All trading on the Nasdaq exchange ceased for three hours yesterday afternoon -- a disruption unusual for its breadth and duration. Here are three things you ought to know about what happened:
It could have been worse
As I noted yesterday, Nasdaq's outage appeared to have virtually no impact on investor sentiment -- which I find quite surprising, particularly when one considers that the market witnessed another technological failure earlier in the week, when one of Goldman Sachs' (NYSE: GS ) trading systems made a flurry of erroneous trades, after sending incorrect orders to exchanges operated by NYSE Euronext, Nasdaq OMX, and CBOE. According to the Financial Times, the incident could cost Goldman $100 million in losses.
It's certainly easy enough to imagine an uglier reaction; we were probably lucky the outage occurred in August, rather than October!
This type of failure will happen again
The financial markets are too dynamic and the business of financial exchanges has become too competitive to allow exchanges to err on the side of caution and conservatism. Having worked in the software industry, including in a firm that provided connectivity between banks/broker-dealers and exchanges, I can attest to the tremendous pressure organizations are under to achieve time-to-market. The priority is to "ship" software -- minor bugs can be addressed once systems are in production. However, in systems of phenomenal complexity, minor bugs, quick fixes, and workarounds can have unpredictable consequences...
As many of the largest exchanges (including the NYSE and the Nasdaq, which is part of Nasdaq OMX Group (NASDAQ: NDAQ ) ) are now owned by publicly traded companies, I'd imagine the culture is not much different inside the technology division of these institutions.
Yesterday, I wrote that "when an engineering or technological system gets sufficiently complex, unpredictable failures are certain to occur from time to time." Or, as The Wall Street Journal's E.S. Browning and Scott Patterson summarize with a clever headline to their coverage of the story: "Market Size + Complex Systems = More Glitches."

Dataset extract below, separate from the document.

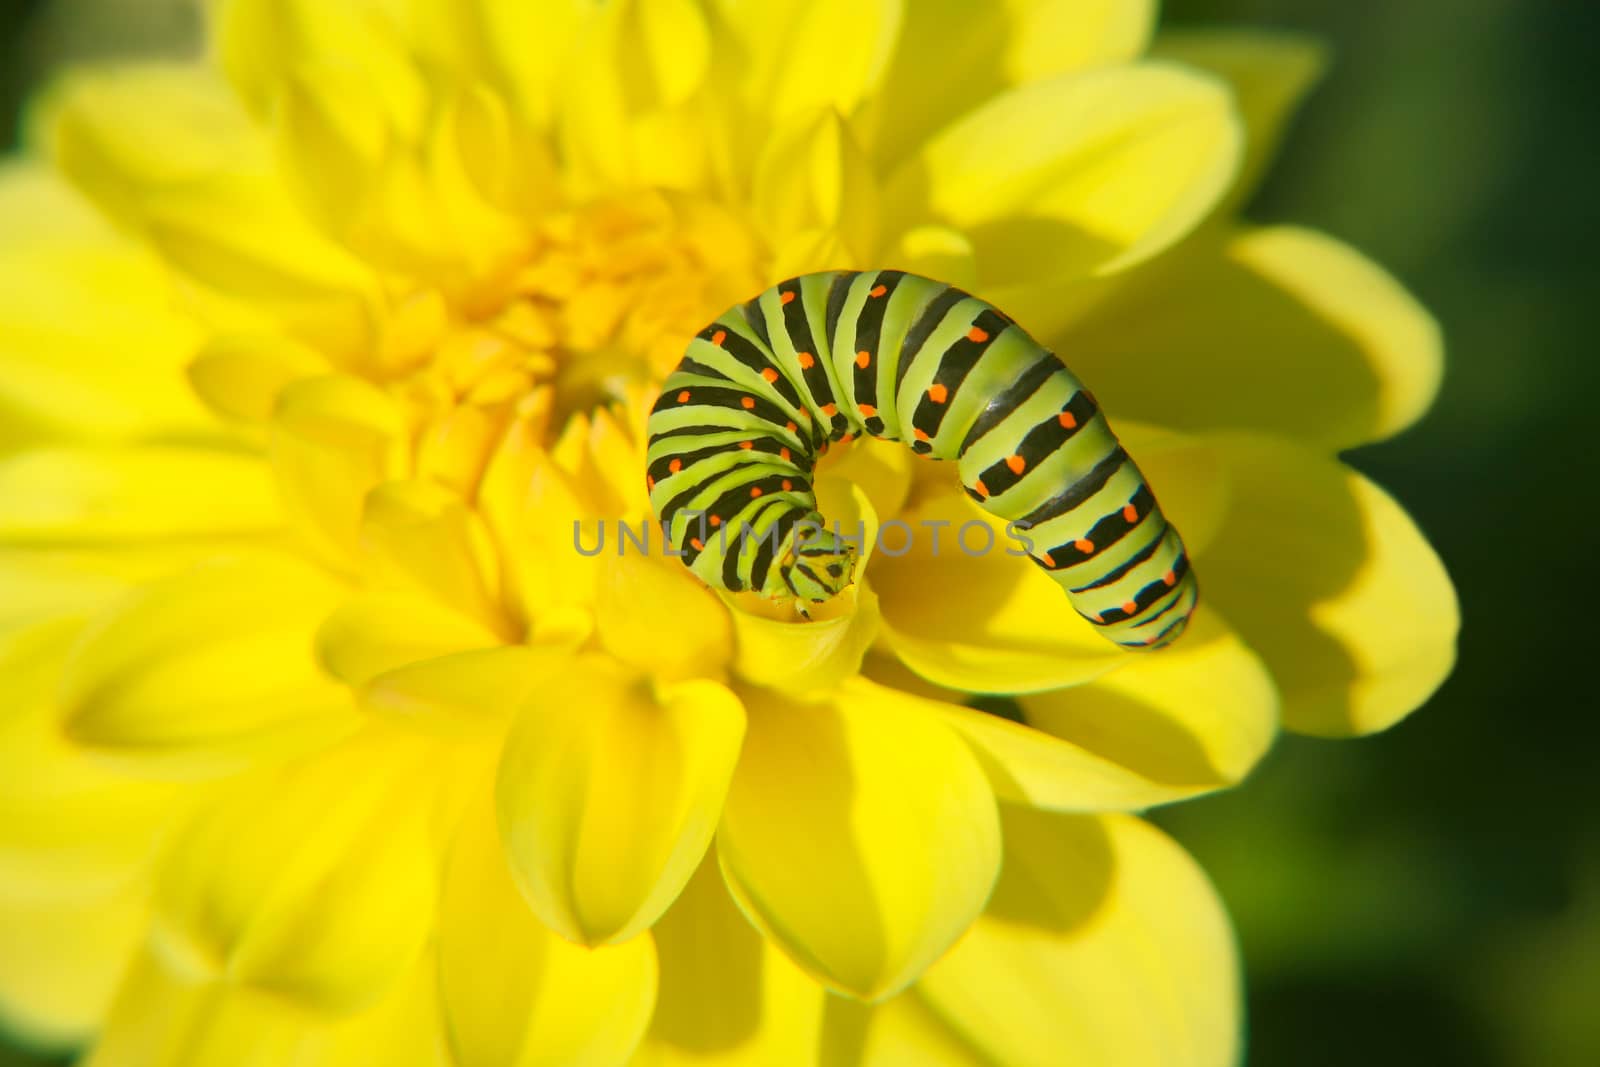 Caterpillar on yellow flower close up

The investors least vulnerable to these problems are the genuine investors
For the fast-money crowd, including high-frequency traders, market disruptions of this type can be a disaster in the making, with the potential for huge losses. However, if you're a long-term, fundamental investor who buys and sell stocks deliberately and infrequently, the odds are you won't even notice a three-hour market outage. The best way to limit your technological exposure to modern markets is to be a long-term investor (you can also review my list of Best Practices for Long-Term Investors in a Microsecond Market).